Repeat the data exactly. Pictures stay out.
== DATA EXCERPT ==
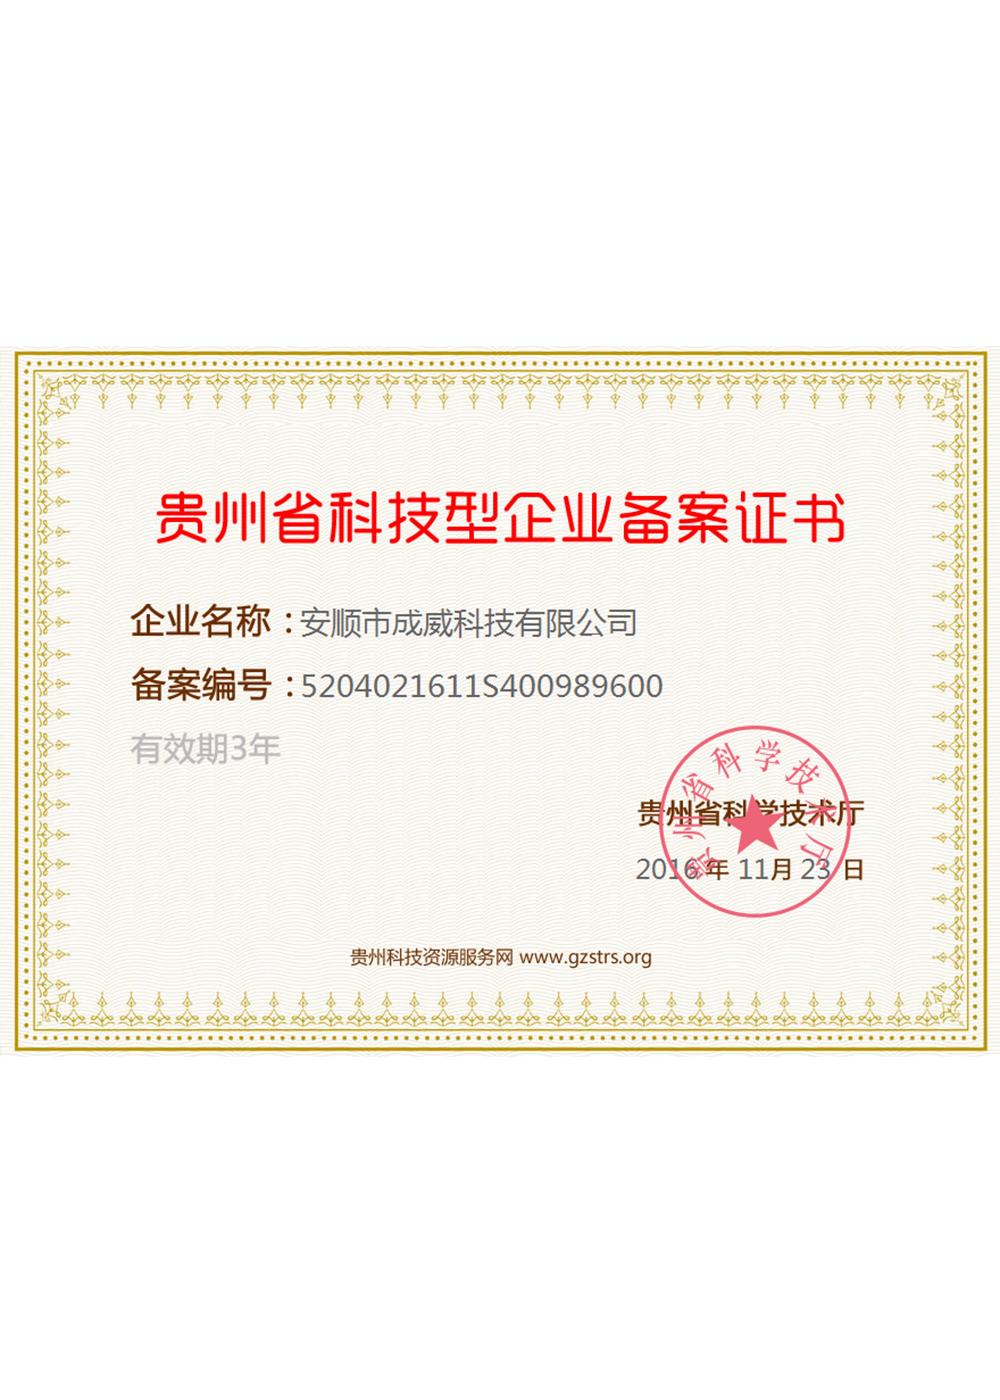 Guizhou Province Science and Technology Enterprise Filing Certificate
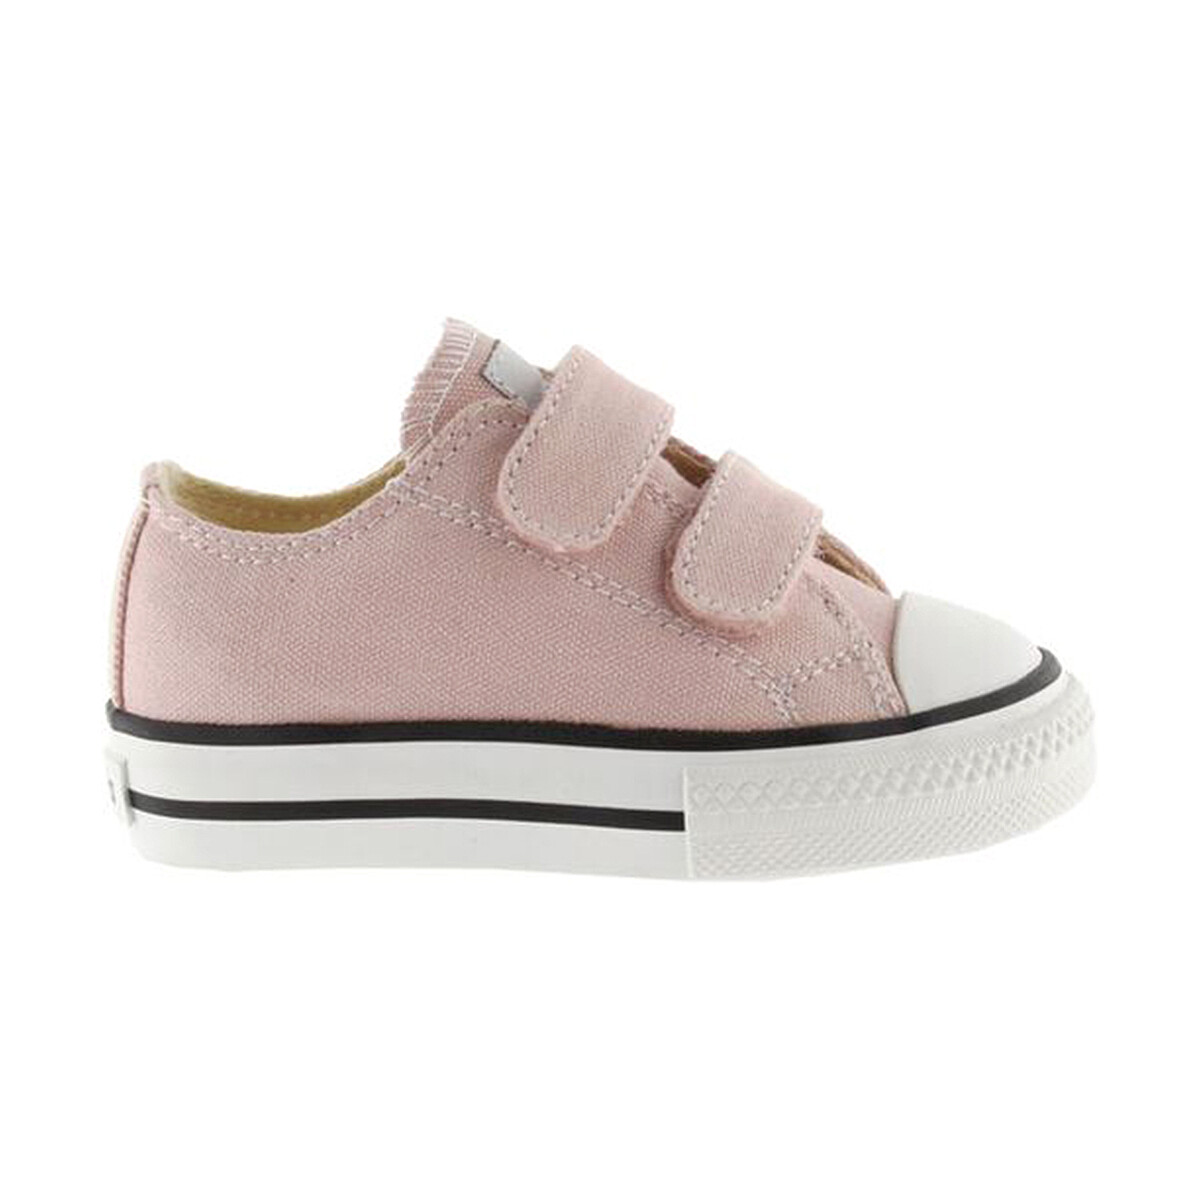 Schuhe Kinder Sneaker Low Victoria SPORT  106555 CANVAS TRIBU Haut
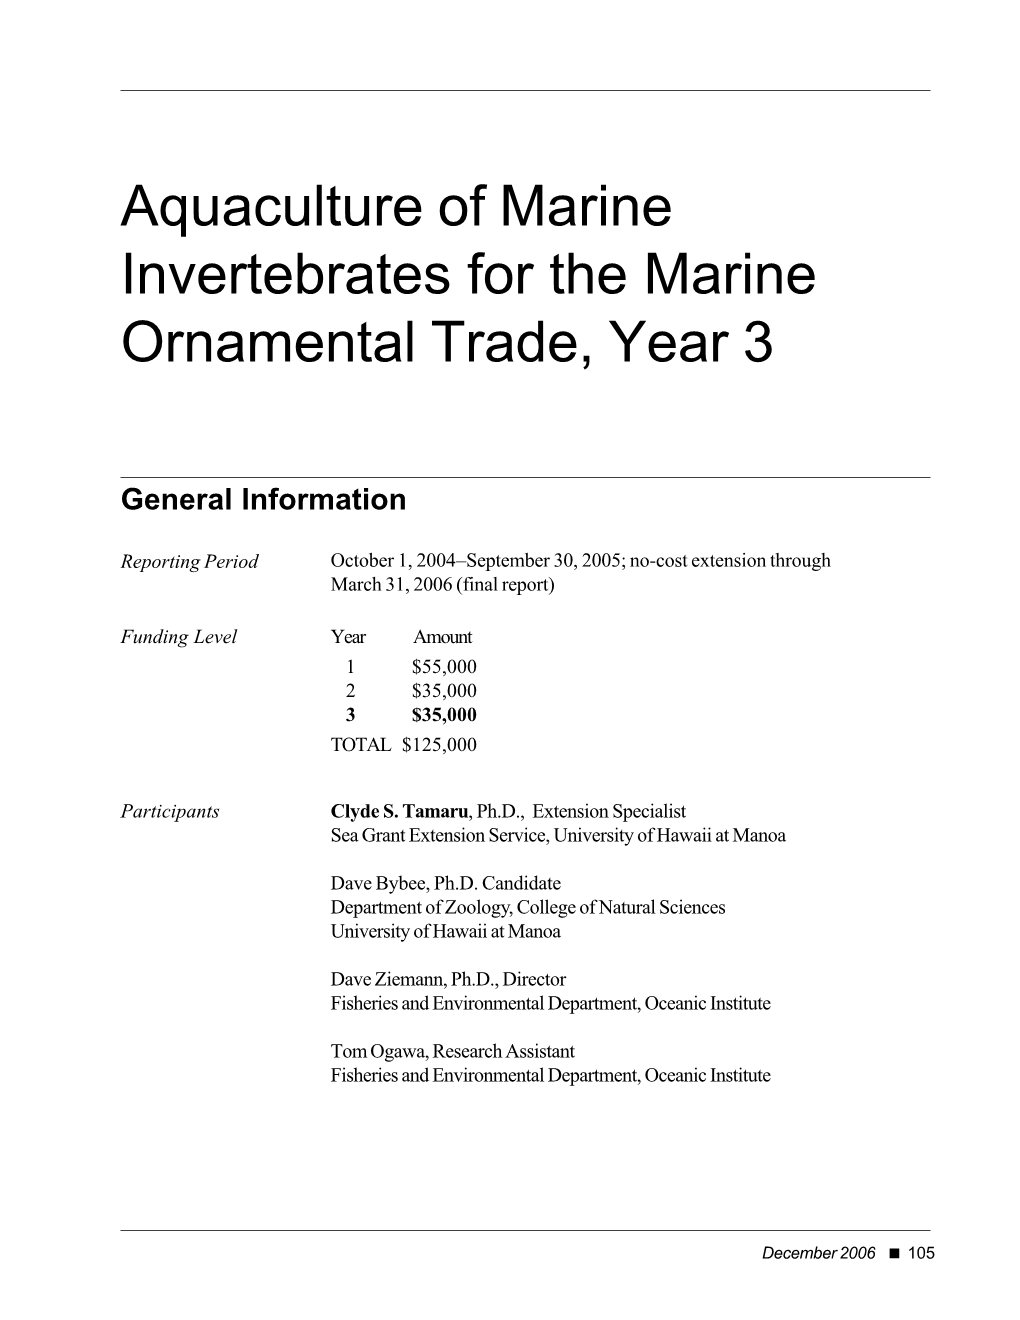 Aquaculture of Marine Invertebrates for the Marine Ornamental Trade, Year 3
===
TASK SOLUTION →
 Guizhou Province Science and Technology Enterprise Filing Certificate
 Schuhe Kinder Sneaker Low Victoria SPORT  106555 CANVAS TRIBU Haut
 Aquaculture of Marine Invertebrates for the Marine Ornamental Trade, Year 3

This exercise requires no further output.